Возможно, с той кофейной гущи пошло у них с Эдиком легкое отвращение друг к другу… Именно кучка гущи, а не взаимонепонимание или там телесное неприятие. Что-то куда более незначительное, можно сказать, чепуховое, грызло их молодую семью, еще без возраста и опыта. С тех пор Ольга знает: не потрясения, не голод и холод, не безденежье способны взорвать жизнь к чертовой матери, а легкий взмах бабочки, мышиный хвостик той самой, что «бежала, хвостиком махнула…» Тонкая материя… Чей-то вздох, запах, пролитый чертов кофе – вот они и есть главные подрывники бытия.

Погрузясь в себя, Ольга упустила желтый проблеск глаз Надюши. Крохотные смотрелочки в припухлости век и подглазий. Но даже из болезни они крючком подловили, зацепили и держат ее для рассмотрения.

– Ты раздалась, – говорят глазки через бледную щель рта. – Задница у тебя уже шире стула.

Надюша всегда была прямоговорящая, всю жизнь начальница.

Ольга помнит шестьдесят седьмой и соседа-мальчишку, который за три рубля сочинял телеграмму в стихах от бабушки тетке в связи с ее пятидесятилетием и пятидесятилетием революции. Как бабушка ненавидела советскую власть, вряд ли еще кто ненавидел. Одновременно родная дочь на высоком этаже этой власти была обожаема. Через много лет муж Ольги говорил, что это особый вид то ли русской проституции, то ли глубинного безразличия ко всей материи жизни, то, что сегодня называют «а мне по барабану».
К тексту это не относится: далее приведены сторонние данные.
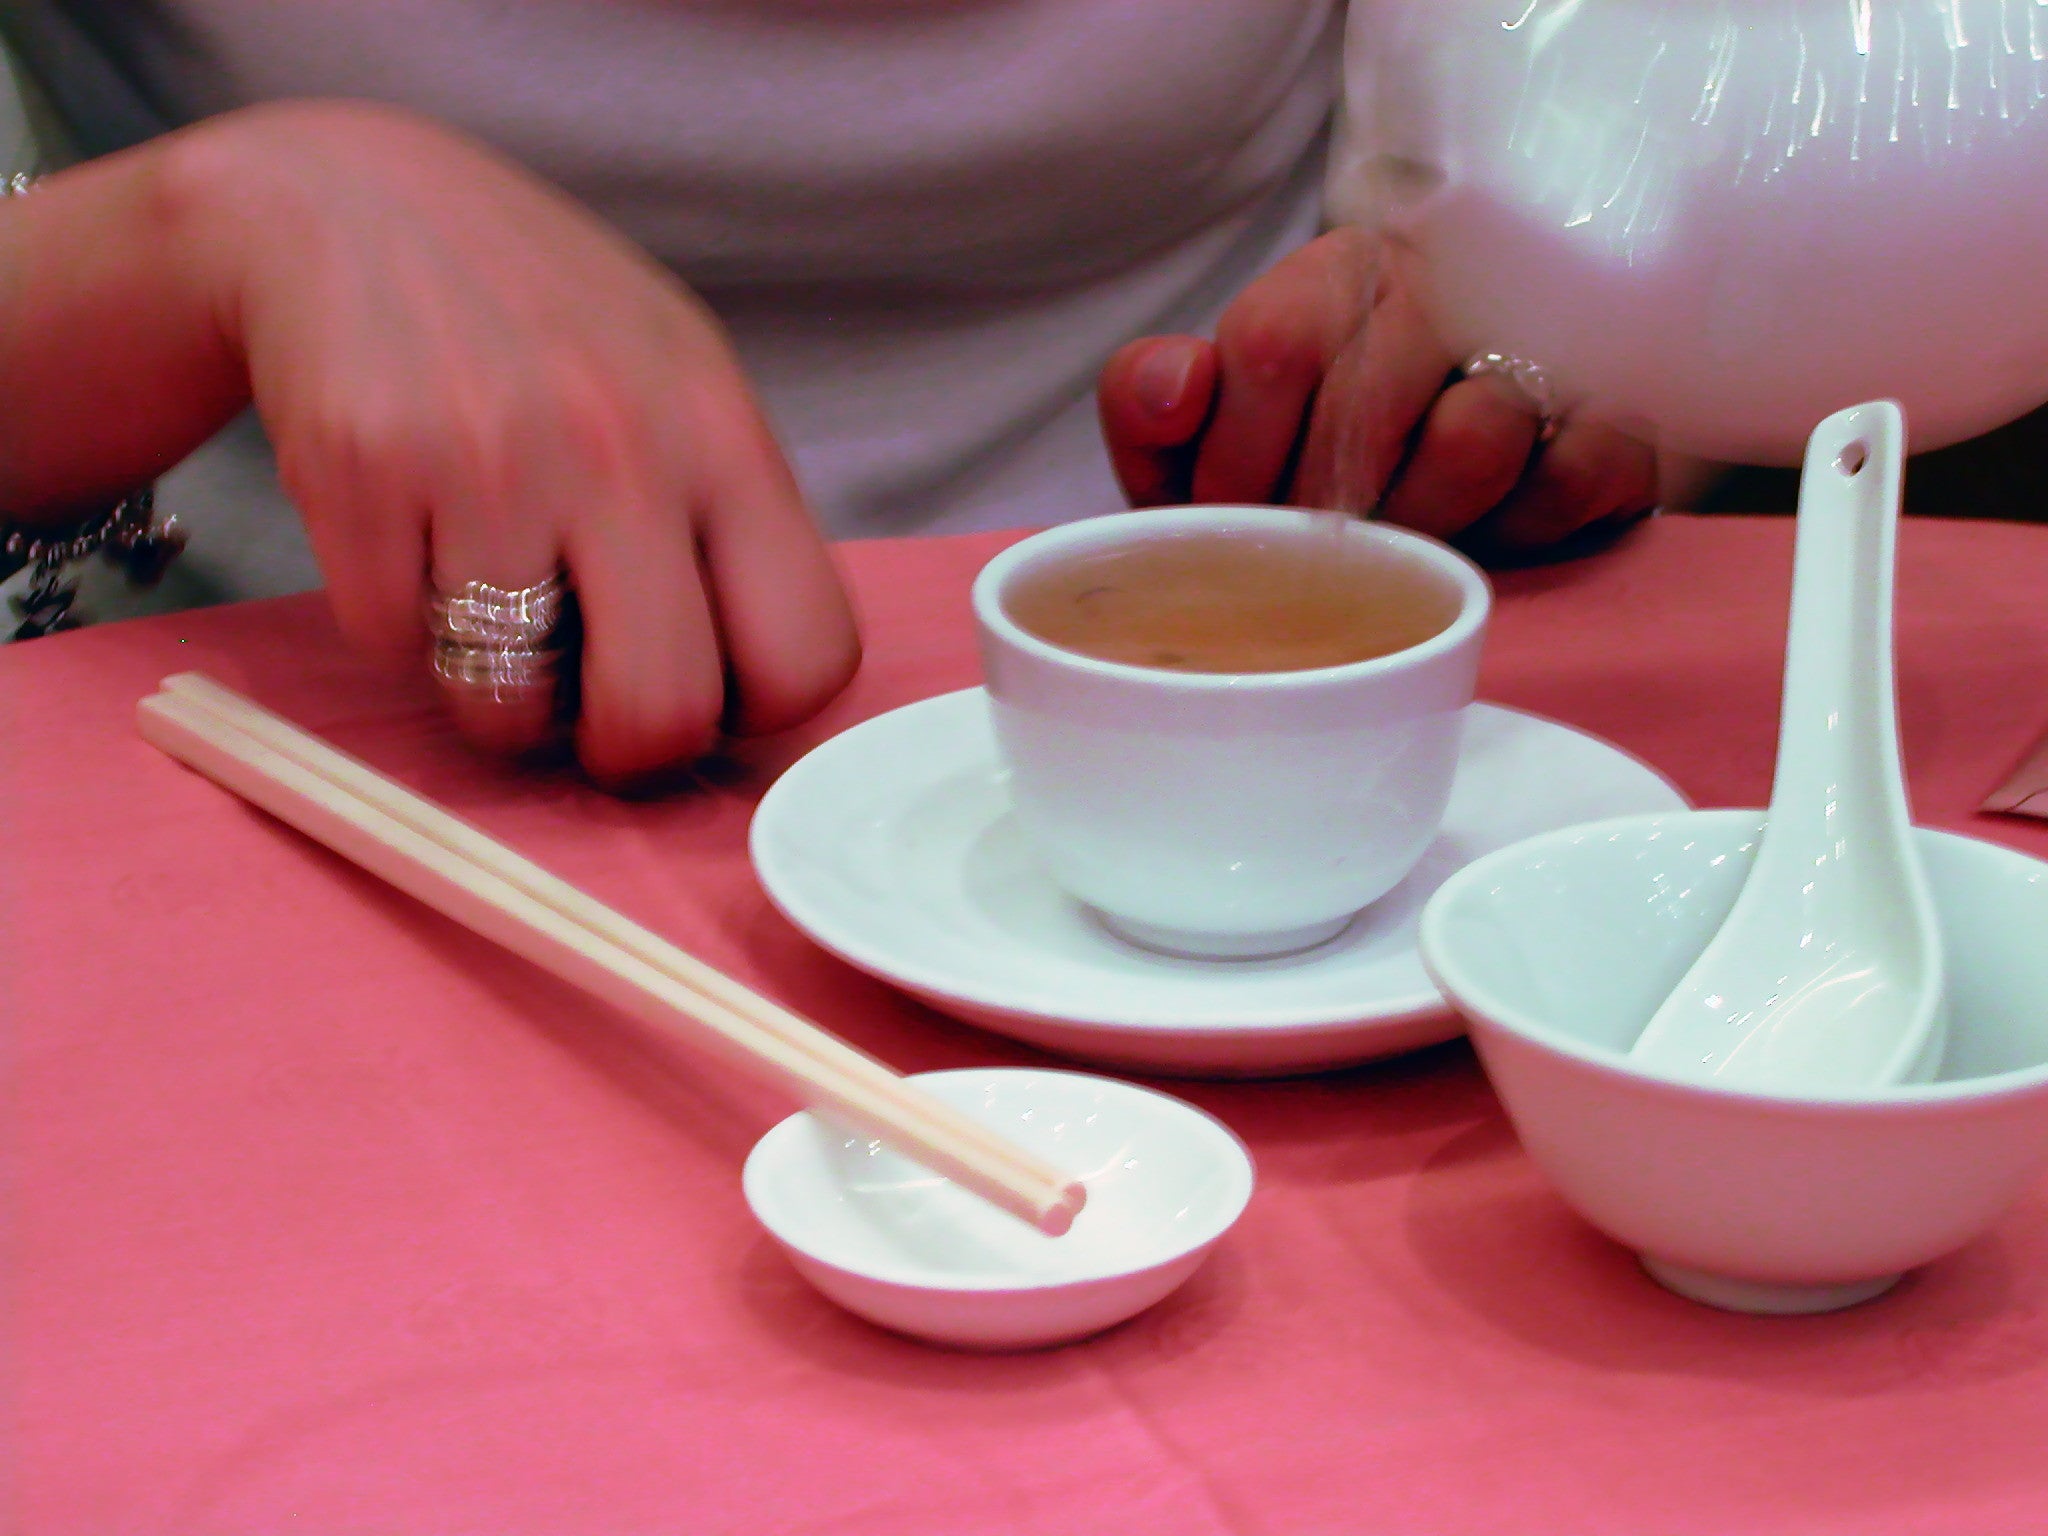 Why The Chinese Tap 2 Fingers with Every Pour of Tea

Надюшечка начинала вспахивать карьерную зябь в Москве. Была тоща, некрасива и имела девять квадратов в коммуналке. Чтоб пустить курсанта Ваняточку на ночь, надо было дважды клацнуть и взвизгнуть замками. Хватало, чтоб в прихожей возникали тени. «Надюша, у нас квартира старых большевиков, а не дом свиданий». Квартиру занимали два бывших охранника на пенсии, семья военных, актриса оперетты, пятая комната была у нее, начинающего партийного работника. Хоромы остались от знаменитого оперного певца, бежавшего из России еще во времена оны. И в них была еще… каморка для прислуги, где жил какой-то очень секретный физик. Одиночка, он как-то исхитрялся не пѝсать, не какать по месту жительства, воды тратил по минимуму, а чайник и плитку пользовал электрические.

– В нем был сразу виден враг народа, – говорила впоследствии Надюша. В конце концов, так и оказалось. Сбежал физик за границу.
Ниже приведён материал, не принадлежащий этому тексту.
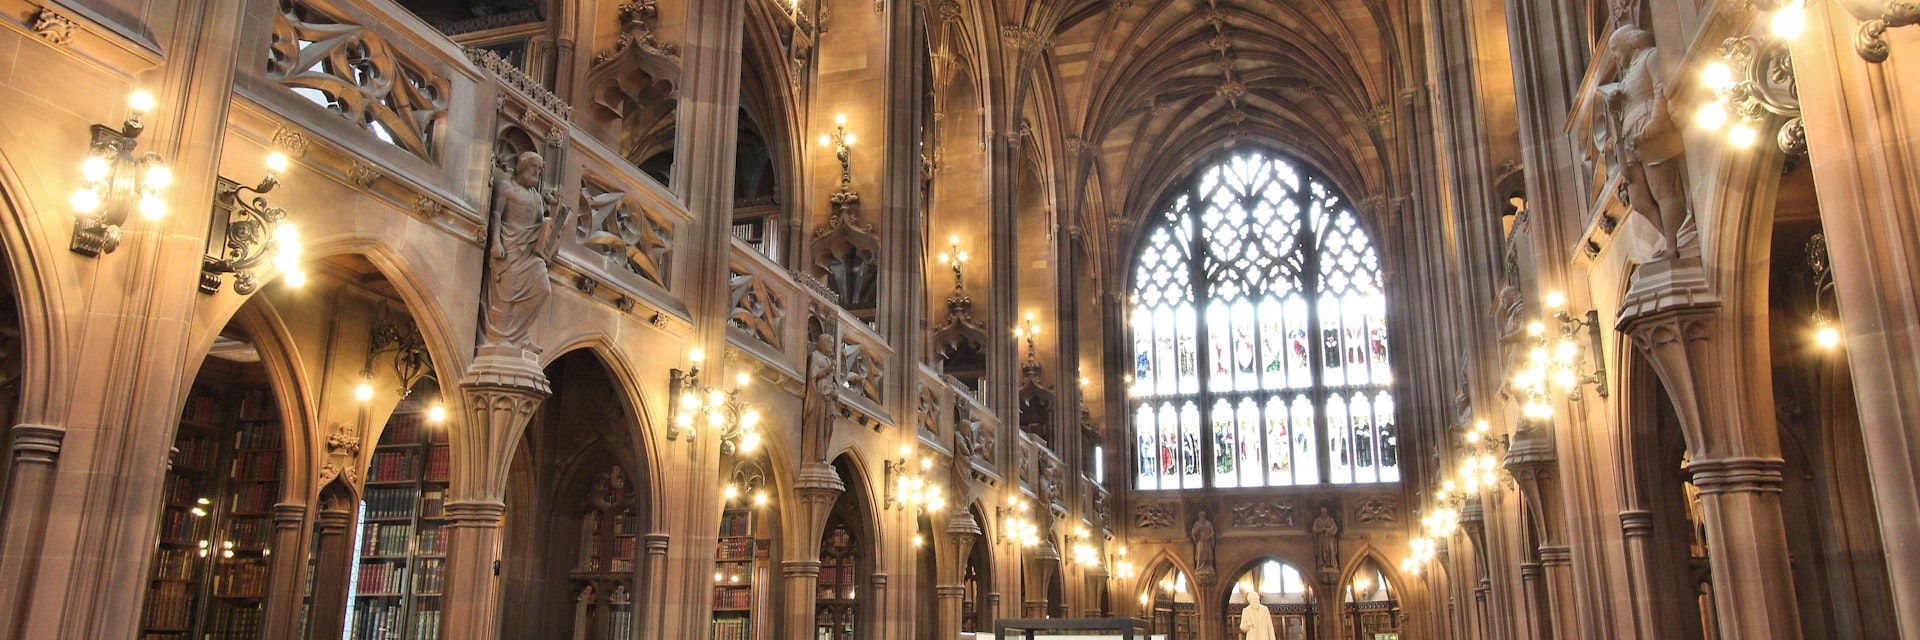 Manchester, United Kingdom - April 22, 2013: People visit John Rylands Library on April 22, 2013 in Manchester, UK. The library opened to public in 1900 and is a Grade I Listed building.

Ваняточку же сборная гуманистов признала. Еще бы! Курсант стал военным особистом. Он умел выпивать и с вохровцами, и с офицером, щупал ляжки их женам, но только для взаимного удовольствия и никогда для хамства. Не шло дело с физиком. Ваняточка, будучи на взводе, мог постучать в комнатку челяди глубоко заполночь, слышал скрип железной кровати, но пущен не был ни разу. Собственно, с этого времени физик и исчез. И расцвел в джунглях капитализма, как только сумел туда попасть. Гад ползучий.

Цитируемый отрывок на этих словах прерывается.